また、移動ルートに制限がある陸上の交通手段と違って、水上交通で移動できる海や河川は世界中と繋がっており、電車交通とは異なるネットワークをもてる可能性があるのも魅力に感じています。
■プロジェクトを実現する難しさ・今後の課題
水上交通運行プロジェクトを実現させて街の活性化につなげるためには、ウォーターフロントの開発が必要です。水の駅を利用してもらうためには、その駅の近くに目的地となるポイントがなくてはなりません。

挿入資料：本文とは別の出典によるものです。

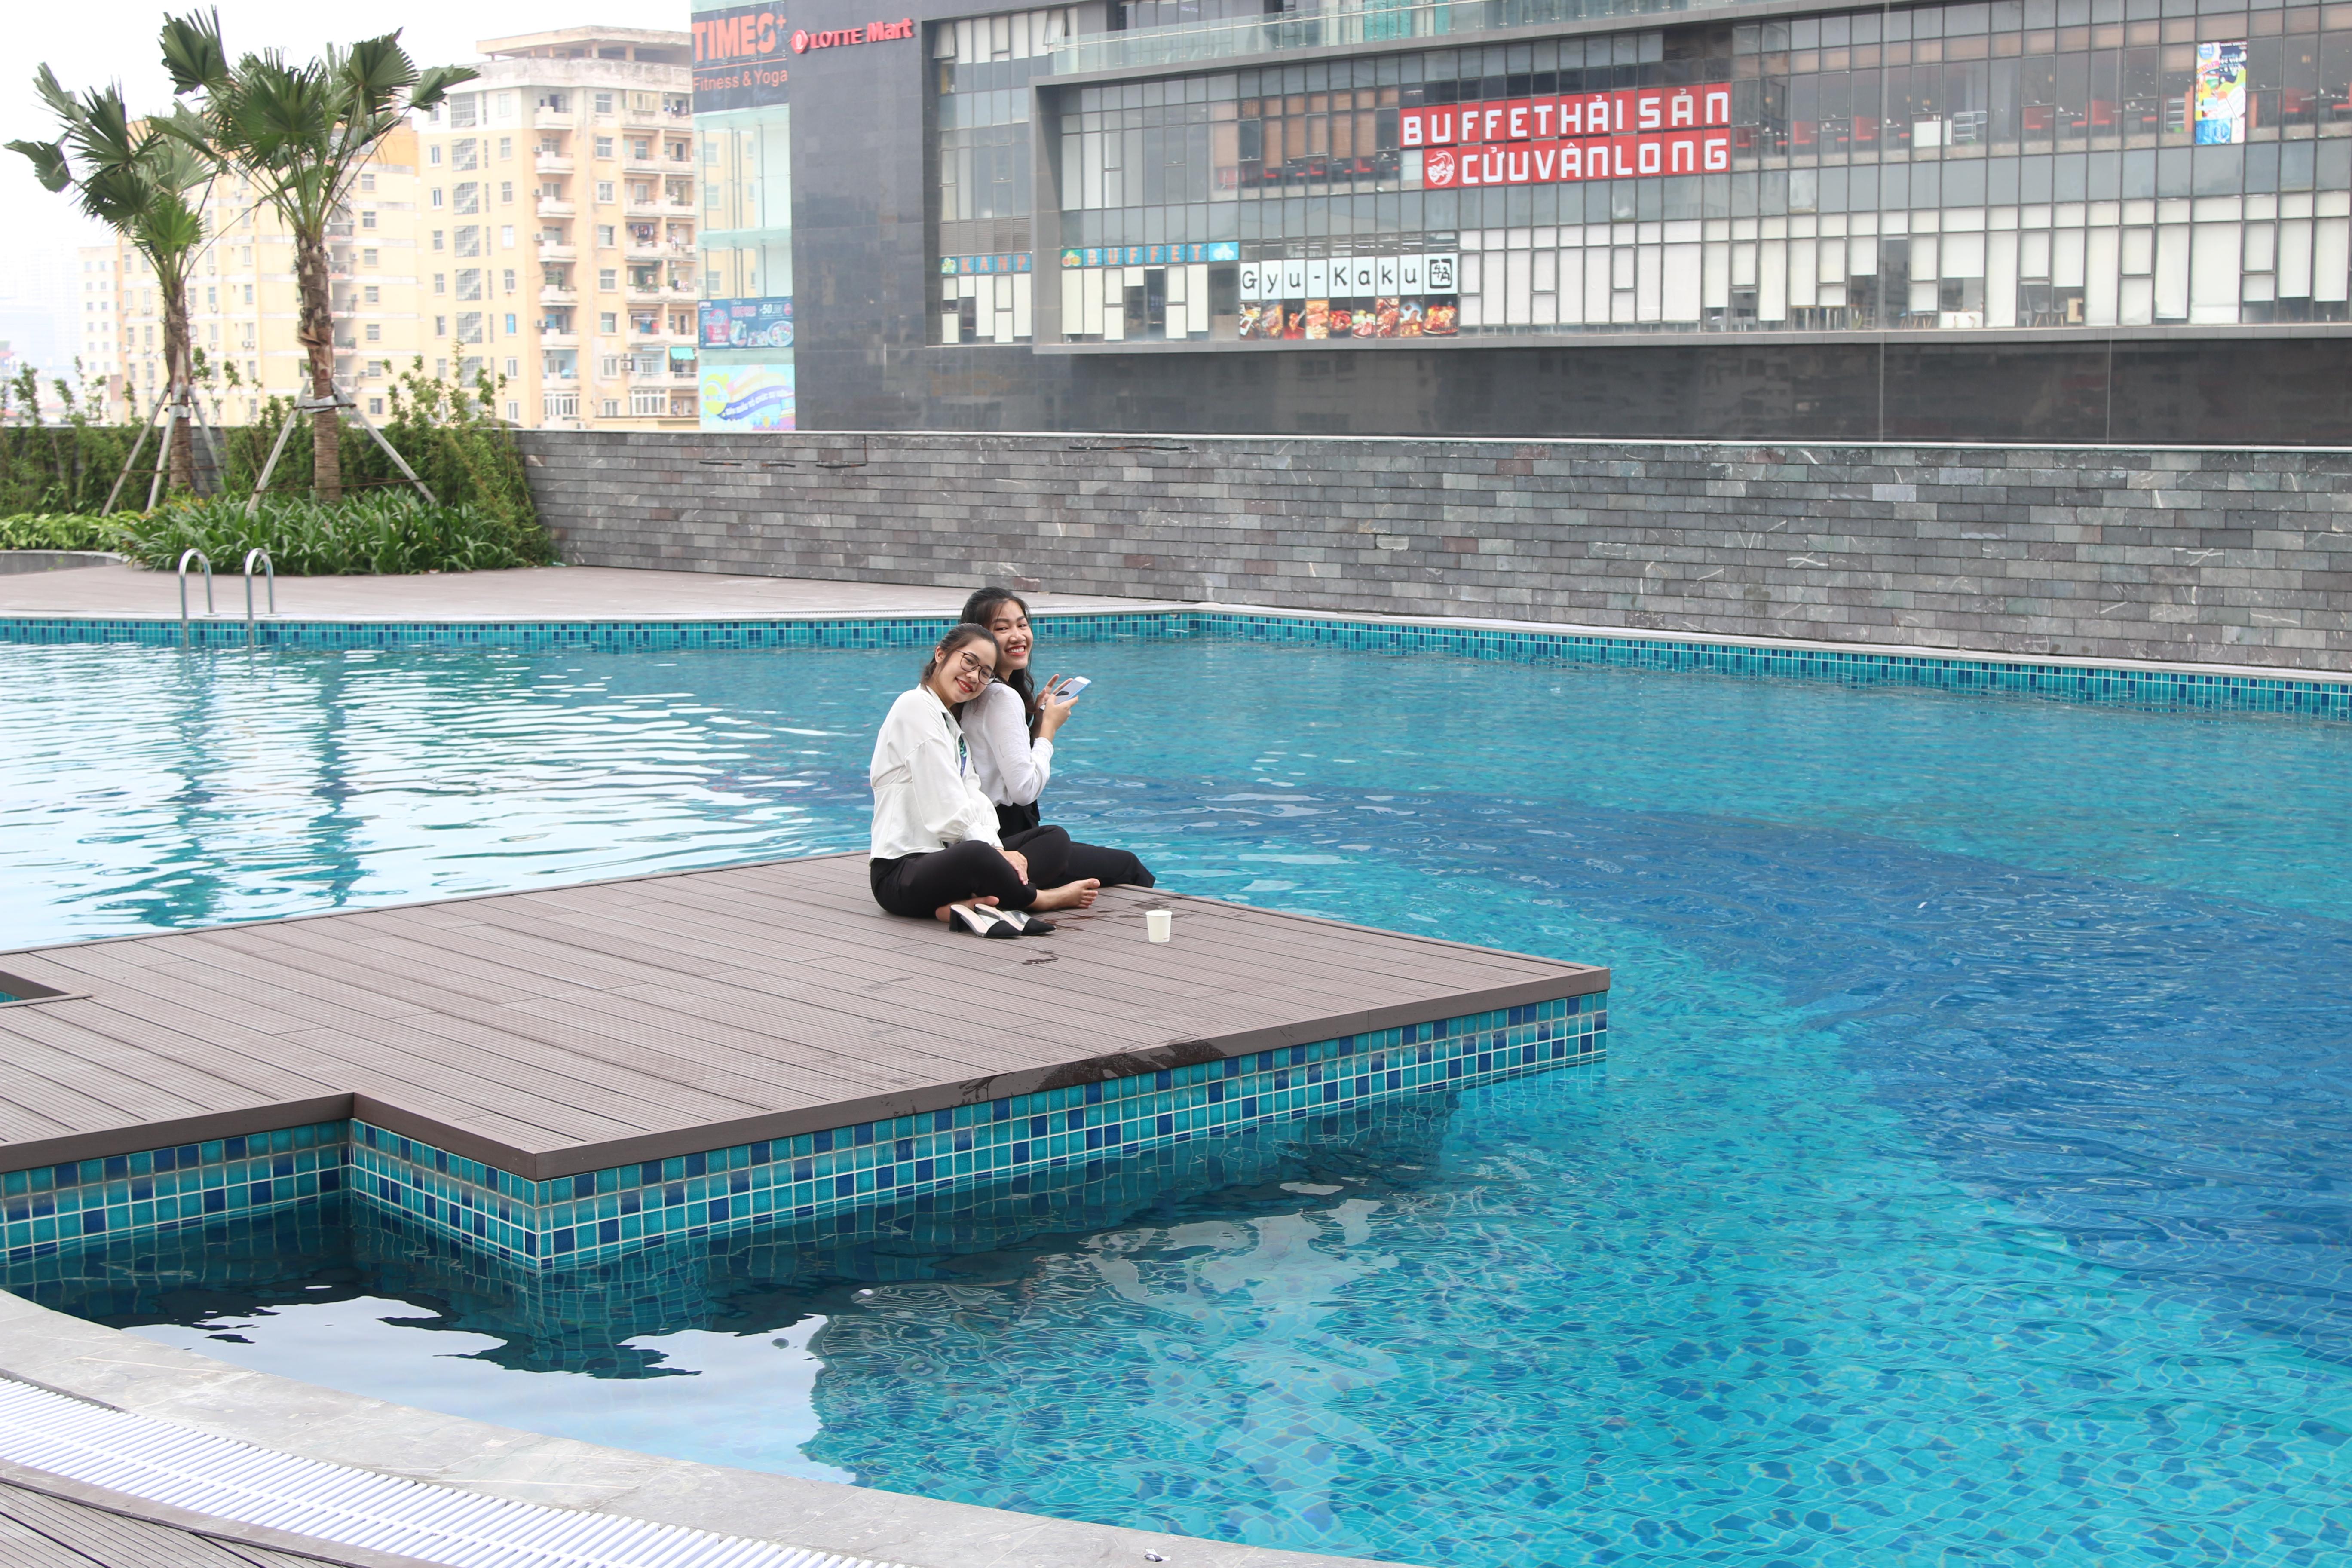 Bể bơi dưới tầng 6 là nơi lý tưởng cho CBNV khi làm việc tại đây. Mọi người có thể thư giãn bơi lội sau giờ nghỉ, và đây cũng là góc sống ảo của các chị em.

たとえば、私は南区宿町の蒔田公園あたりに将来、水の駅をつくりたいと考えているのですが、そのために蒔田公園でイベントを定期的に開催したり、近くの日枝神社などの歴史的スポットを盛り上げたりする必要があると思っています。
横浜には、2〜3キロ圏内にさまざまな特色をもった街が密集しており、素敵な飲食店や魅力を秘めた小売りのお店などが詰まっています。そんな個々のお店が自分たちの魅力を発信していくことで街の魅力が底上げされ、それが水上交通運行プロジェクトの実現につながると思っています。